The Doctrine of Radical Acceptance

One of my core organizing principles is that the only way is forward. When you’re tired, keep going. When it gets hard, keep going. When you fail, start over. Keep going. Sometimes this is difficult, but it’s the only way. This is true on the trail, and it’s true in life.

In light of this basic idea, self-pity is one of my worst vices. In different times, I rode the downward spiral of self-pity into some serious psycho-emotional trauma. Self-inflicted defeats. Maudlin inertia. Long term depression.

Fortunately, I know better now. The siren song of self-pity still rings in my ears occasionally, but I ignore it.

What changed?

I don’t want to bore you with the long, torturous tale of my recovery from addiction, although I probably will at some point. But, 12-step programs have to deal with self-pity as a primary character defect of self-destructive people, and there is a particular passage, in the vast cannon of recovery lit, that I have turned to more than any other to aid my ability to move forward through life. It goes like this (edited by me for brevity and to omit some stuff I don’t buy):

“And acceptance is the answer to all my problems today. When I am disturbed, it is because I find some person, place, thing or situation – some fact of my life – unacceptable to me, and I can find no serenity until I accept that person, place, thing or situation as being exactly the way it is supposed to be at this moment...unless I accept life completely on life’s terms, I cannot be happy. I need to concentrate not so much on what needs to be changed in the world as on what needs to be changed in me and in my attitudes.”
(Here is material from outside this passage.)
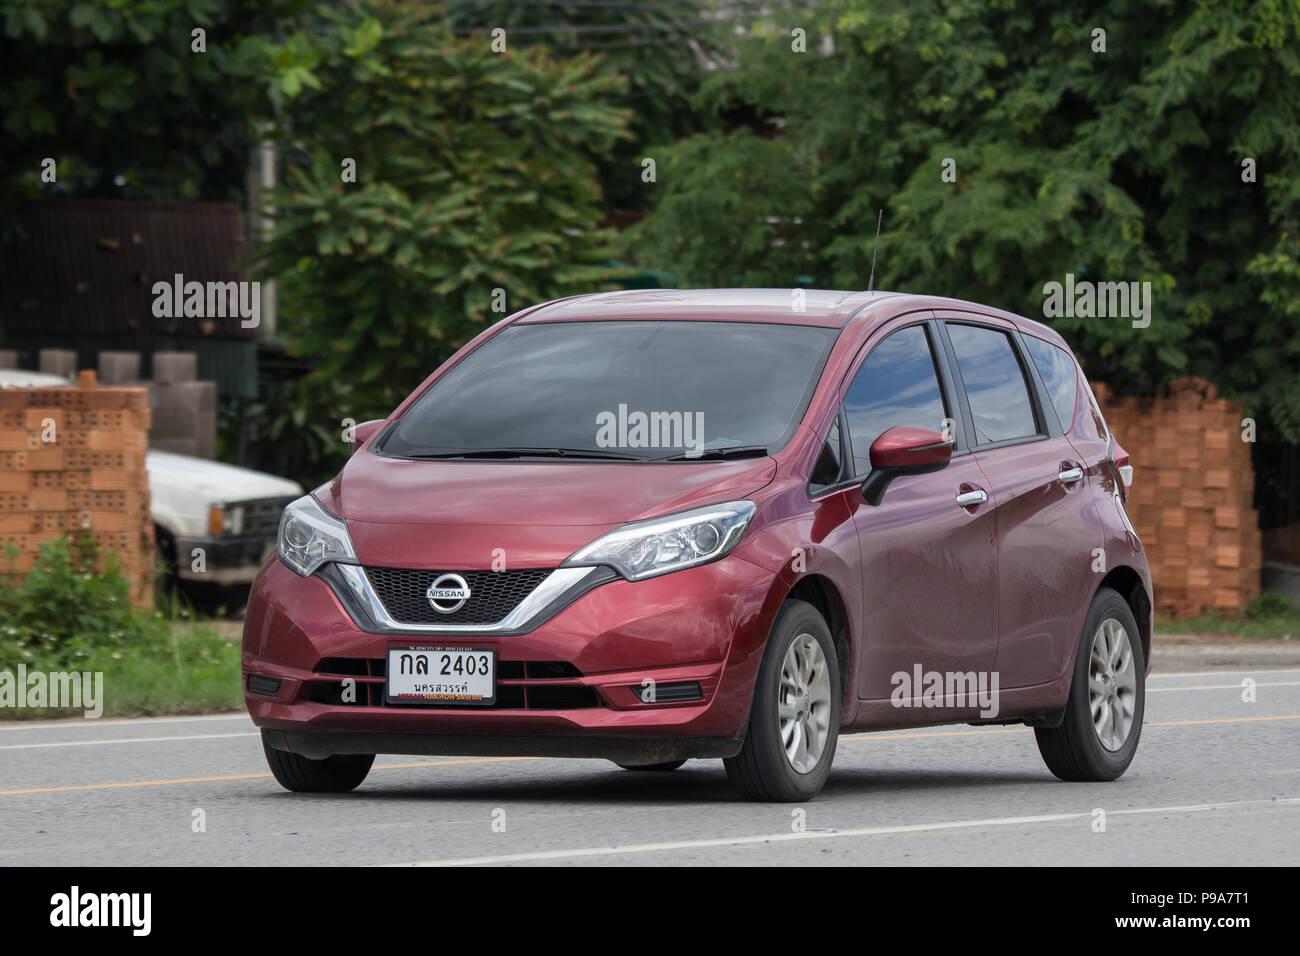 chiangmai, thailand - 28. juni 2018: private neue eco auto nissan

I have not ever read a more complete and succinct statement of how to live a good life. This is The Doctrine of Radical Acceptance, applicable to any and every moment in my life, if only I could apply it in all those moments instead of thinking of it after the fact, once I’ve already detoured down the road of self-pity and magical thinking.
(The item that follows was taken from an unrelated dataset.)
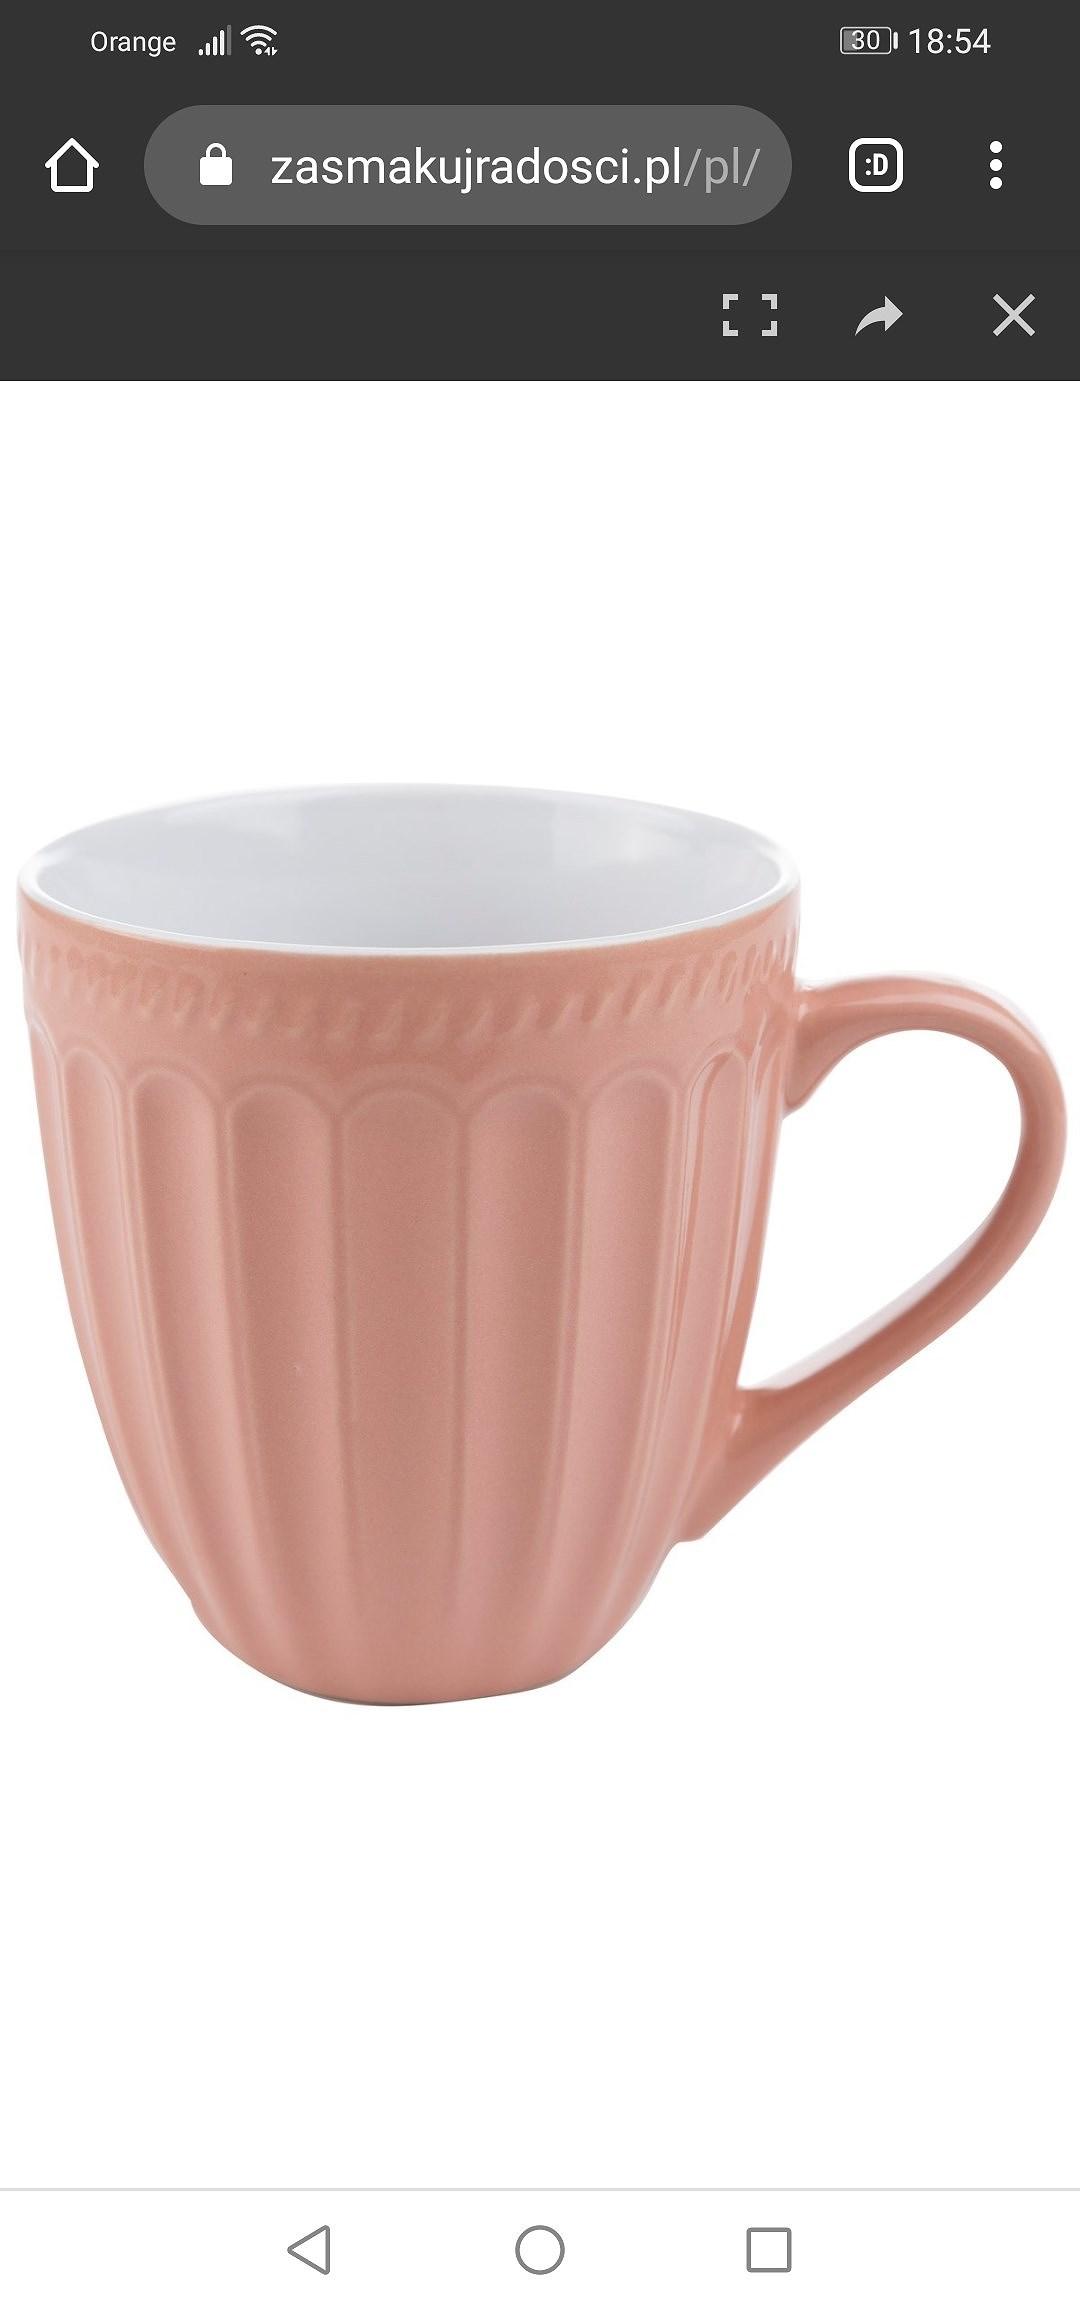 https://zasmakujradosci.pl/pl/products/kubek-ceramiczny-florina-roma-rozowy-380-ml-3783.html

On the trail, at the thin end of my resources, when the sweat is running down my shins and my heart rate refuses to plane, I get angry. I wish myself someplace else, or better, someone else, someone stronger, someone more patient, more stoic, more experienced, or even just someone sitting in a chair. That’s when I engage in fervent magical thinking, trying to will my heart to a more settled place. That’s when I wish the sun would fall from the sky and leave me in a cooler, drier place. In those moments, I could implode.

But if the only way is forward, then I have to accept it all and go on.

Listen, life is non-linear. Sometimes you’re living your best life, and then things take a hard turn for the worse. Loved ones get sick, maybe die. Your kids struggle. Depression sets in, from nowhere, and it takes everything you’ve got to get back on track. That’s how it goes.

The Doctrine of Radical Acceptance says, so what? What are you going to do about it? If you can’t do something about it, acknowledge it and move on. The only way is forward.